[Given information — start]

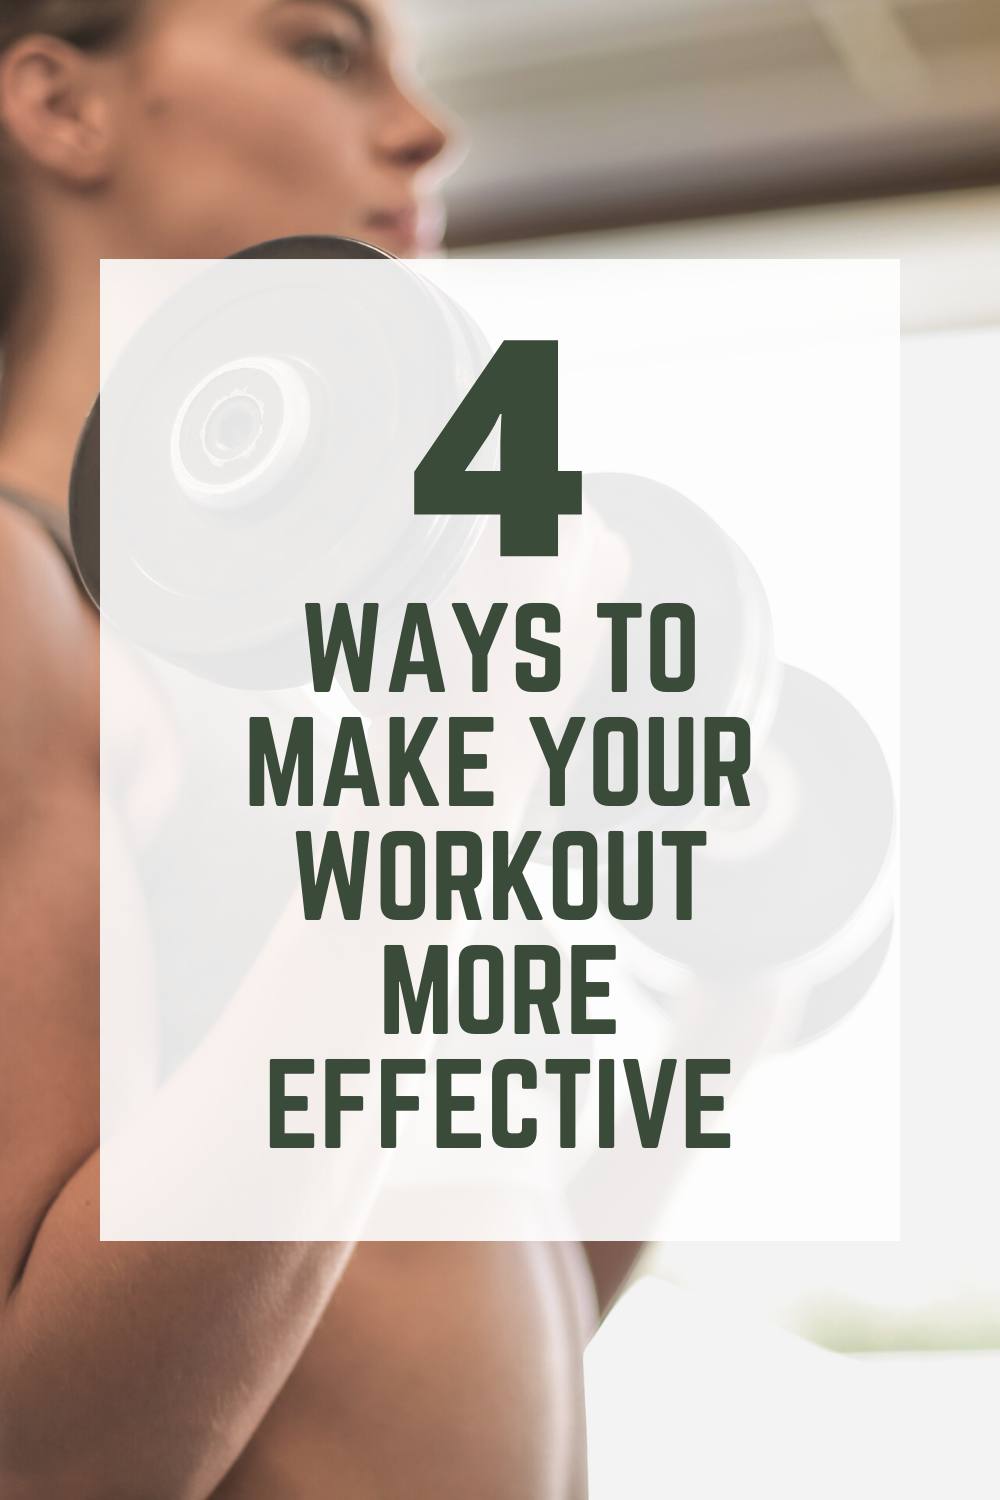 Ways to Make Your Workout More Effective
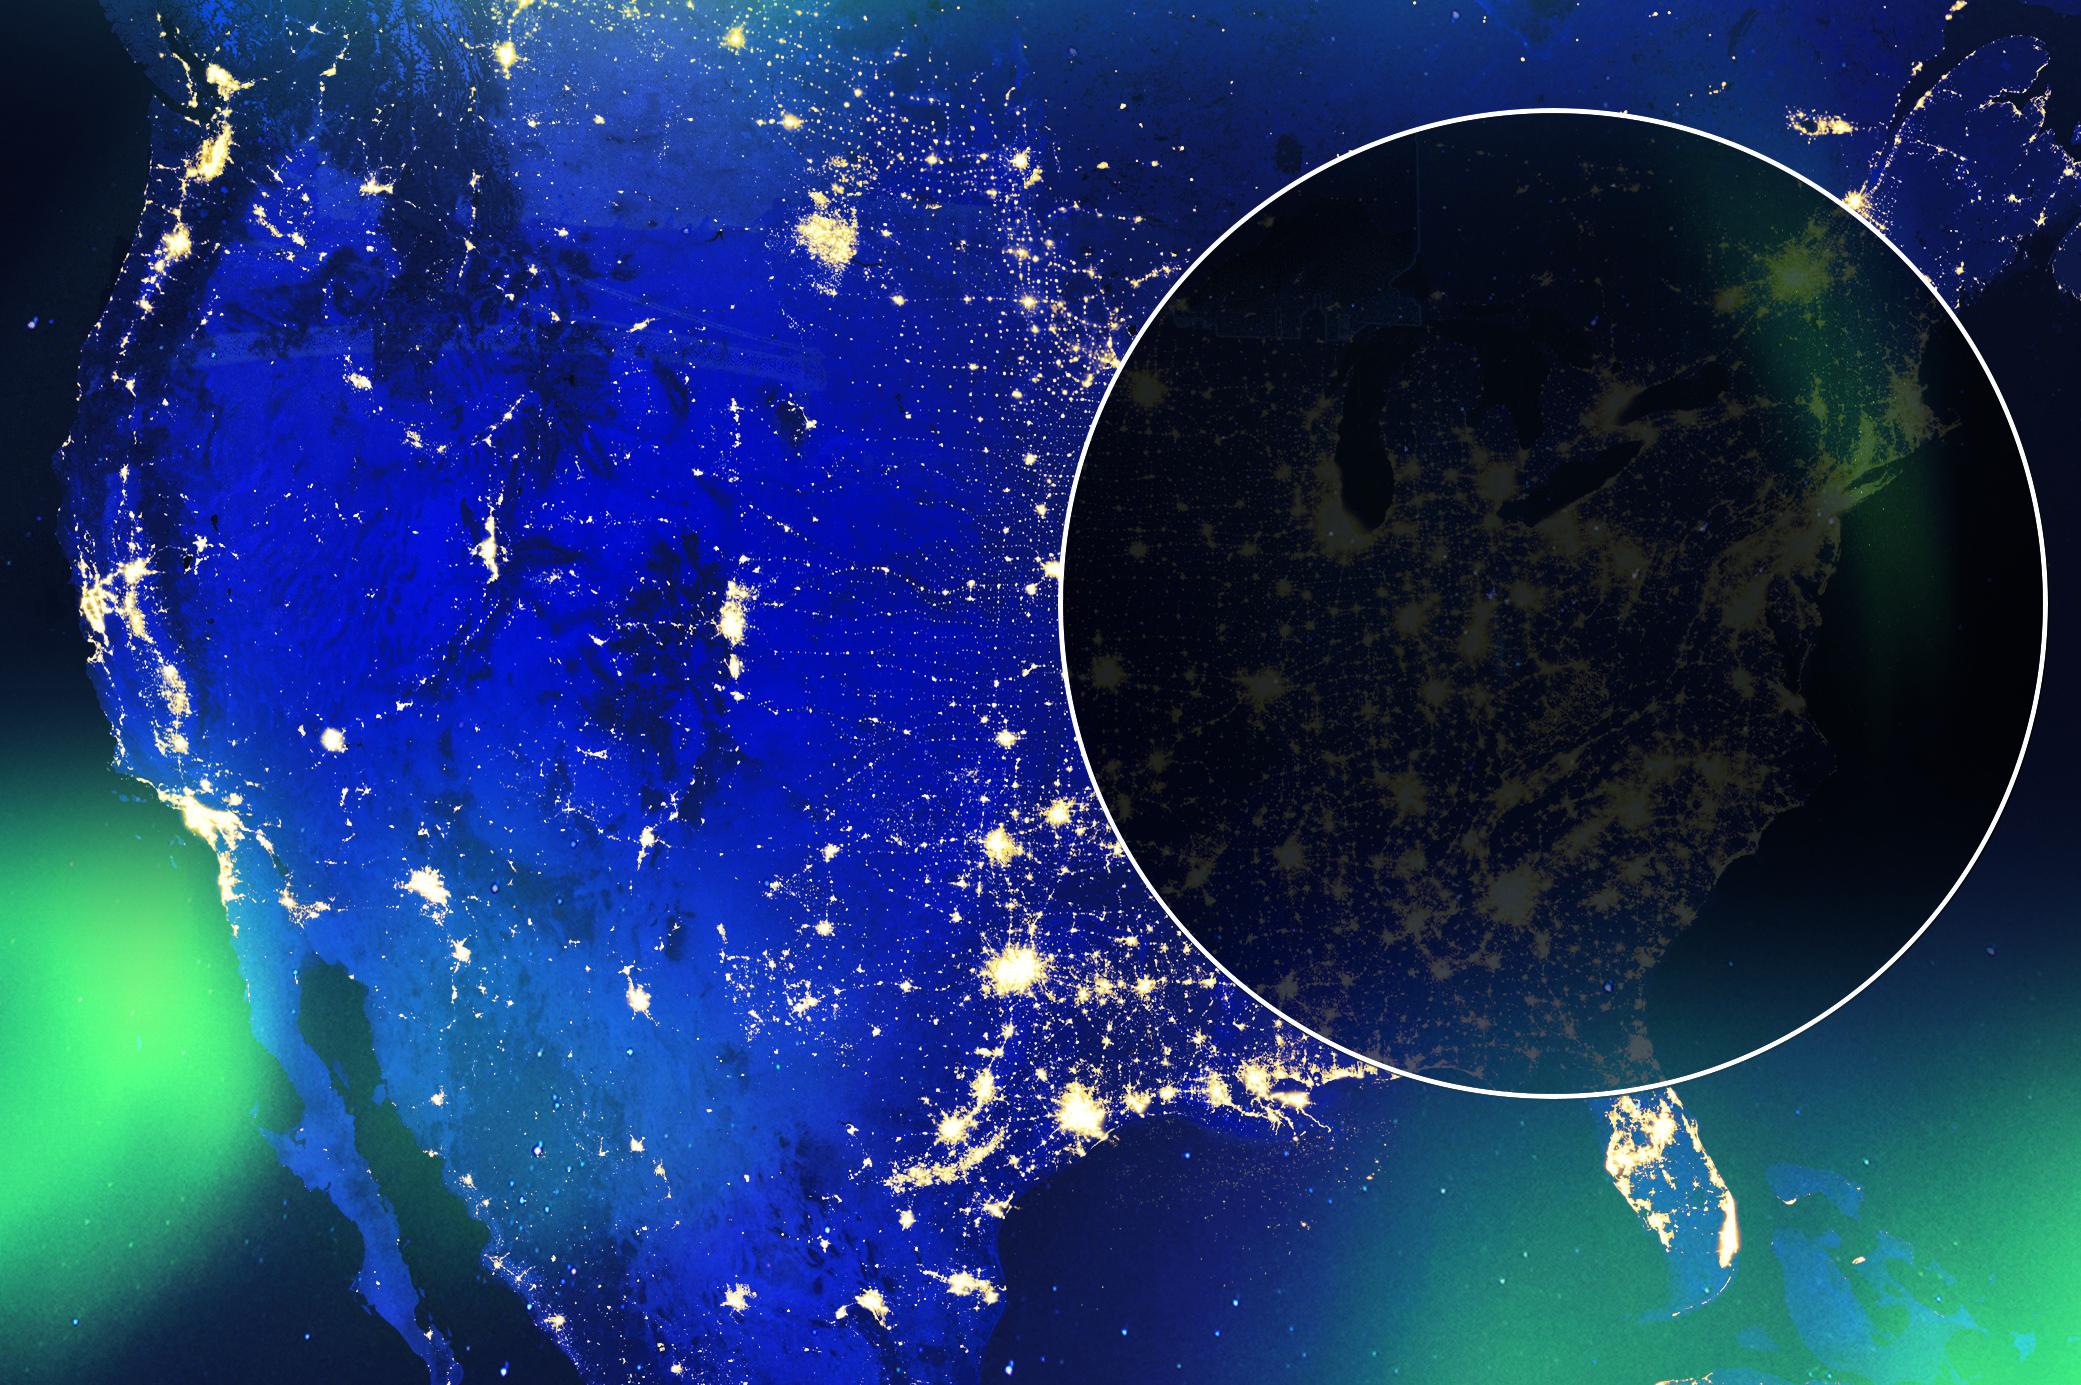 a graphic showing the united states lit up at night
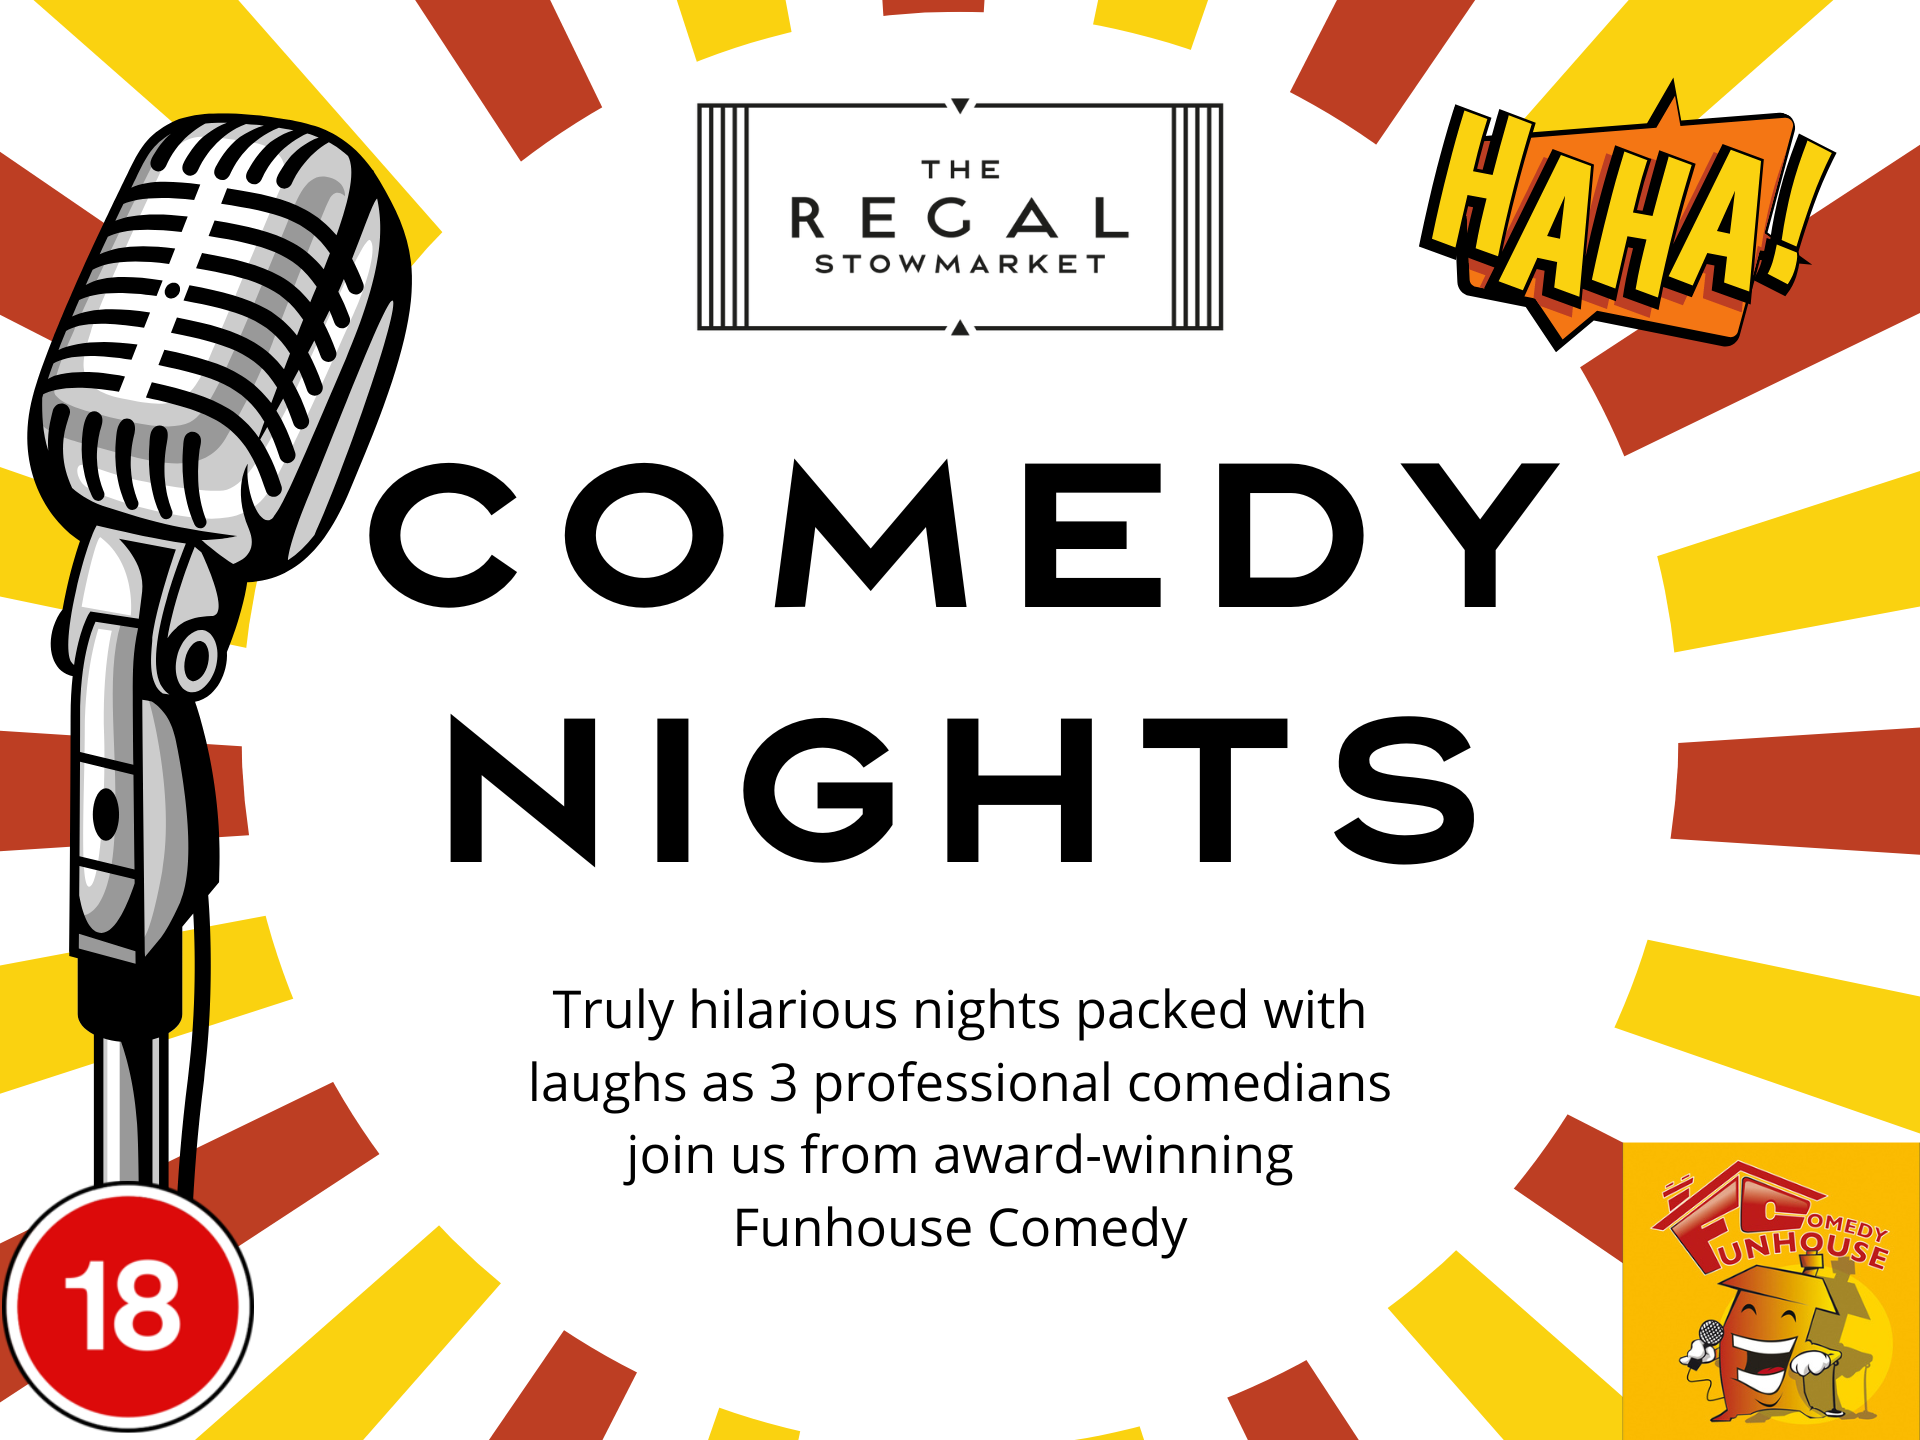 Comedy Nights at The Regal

[Given information — finish]

» **Task goal**: Starting with the line that contains "a graphic showing", print every line through the end of the data exactly as written; omit all pictures and add nothing else.

» **Response to this task**:
 a graphic showing the united states lit up at night
 Comedy Nights at The Regal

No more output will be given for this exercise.